O dia é 1 de Abril de 2024, depois do jantar. Mais de 700 mil televisões em todo o país estão ligadas no «Joker», o concurso que anda há seis anos a pôr à prova a cultura geral dos portugueses, acenando como trunfos um prémio máximo de 50 mil euros e um dos apresentadores mais populares da estação pública. Esta noite, Vasco Palmeirim vai terminar o programa a dizer que há 90 espécies de plantas que só existem em Portugal. Esta foi a vitória de João Farminhão e Filipe Covelo, dois investigadores da Universidade de Coimbra que foram a jogo para promover a flora nativa e conseguir financiar projectos de conservação. Saíram dos estúdios da Valentim de Carvalho com três mil euros, convertidos de imediato num «Fundo Joker para a Botânica» — a meta era comprar um terreno e criar uma mini-reserva, a «Jokerlândia».

A ideia e o jogo de palavras que se seguiu à participação no concurso partiram de João Farminhão, presidente da Sociedade Portuguesa de Botânica, curador do Jardim Botânico e investigador do Centro de Ecologia Funcional que, no último ano, não só descobriu três novas espécies de plantas como encontrou um caminho alternativo para o «mecenato acelerado». «[Com a participação no «Joker»] iniciámos uma nova era da aquisição de fundos para causas colectivas, em horário nobre da RTP», diz, sorridente. Nas ciências, o financiamento disponível, explica, tende a favorecer a investigação aplicada e é preciso ser «original quando não abundam fundos para projectos de identificação de flora», essenciais à conservação de espécies. «Não podemos conservar o que não tem nome. Se não conhecermos o que temos não podemos planear uma estratégia de conservação», reforça.
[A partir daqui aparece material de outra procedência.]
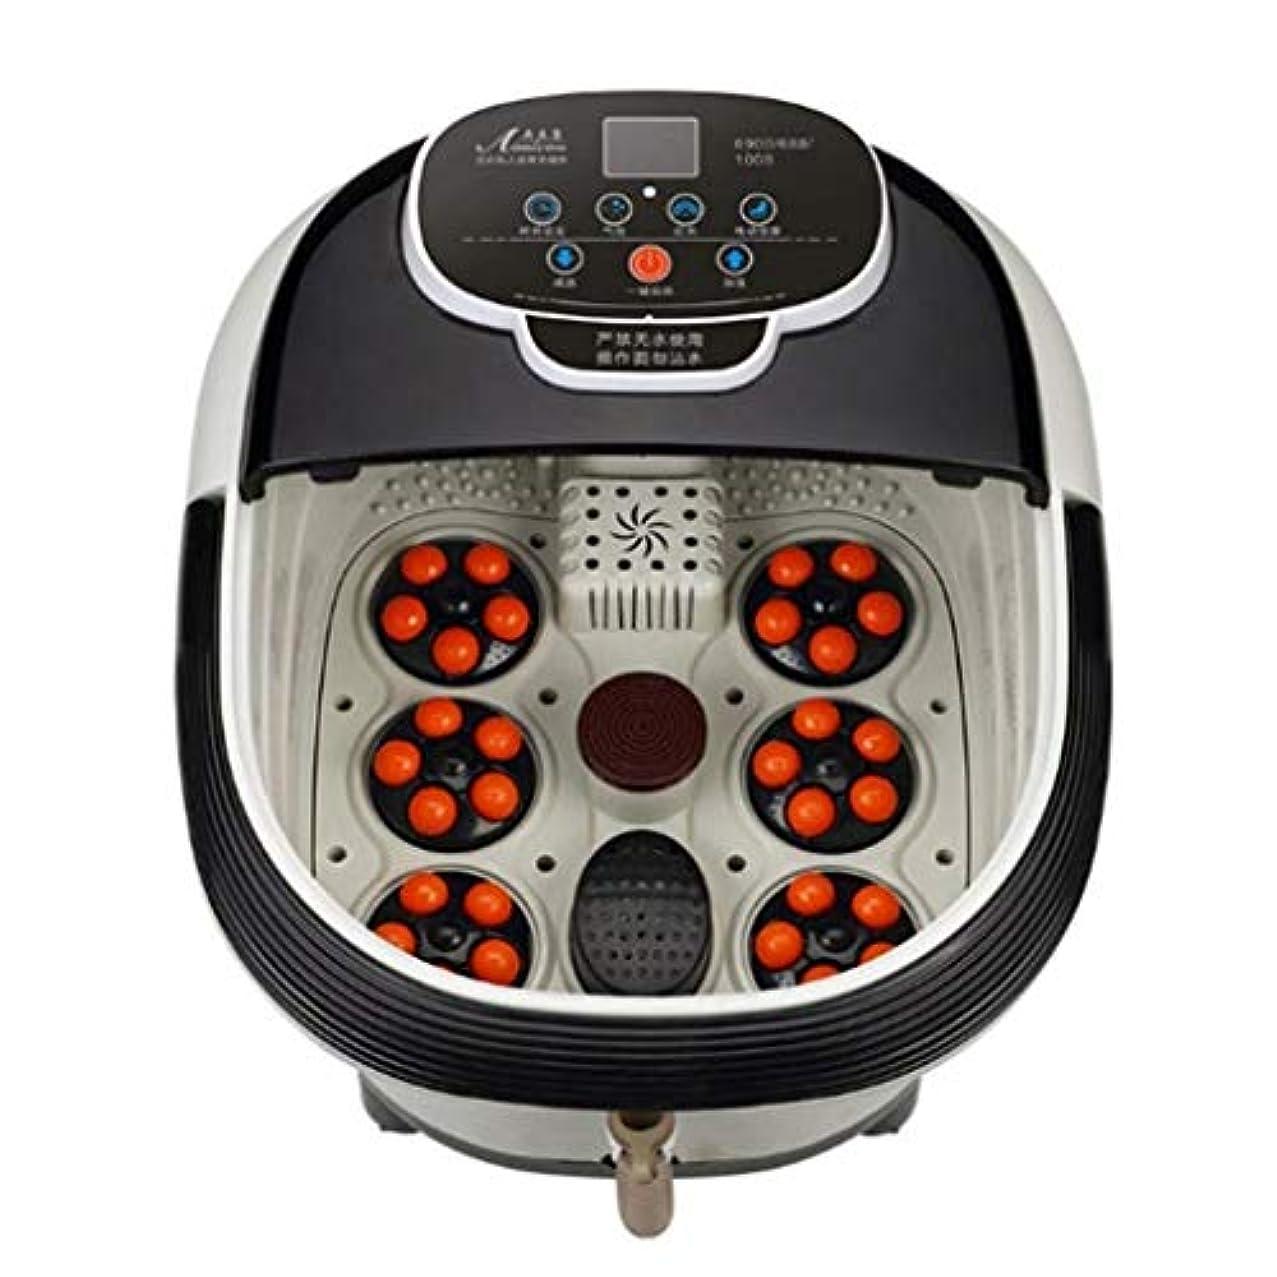 攻撃的ナサニエル区役に立つ電動フットマッサージベイスン、フットバスバレル、フットバススパマッサージャー、痛みの緩和/睡眠の促進、ホームオフィスでの使用

Com o prémio de três mil euros na mão, a «ideia imediata» foi usar o dinheiro em expedições botânicas em zonas pouco conhecidas: «Andar por aí a colher plantas raras e a explorar terra incógnita». Mas pode também «servir para custos de publicação de artigos ou ajudar outros investigadores que estão em situação precária». Era o caso de Filipe Covelo, gestor da valiosa colecção do Herbário da Universidade de Coimbra, desafiado a ser o «Super Joker», o acompanhante dos concorrentes, que ajuda na resposta a algumas perguntas e na conquista de mais jokers, que servem para eliminar opções erradas. Na altura do concurso, o investigador «também estava com a situação [laboral] tremida» — hoje, e ao fim de dez anos de, brinca, «um estágio intenso», conseguiu um contrato de trabalho.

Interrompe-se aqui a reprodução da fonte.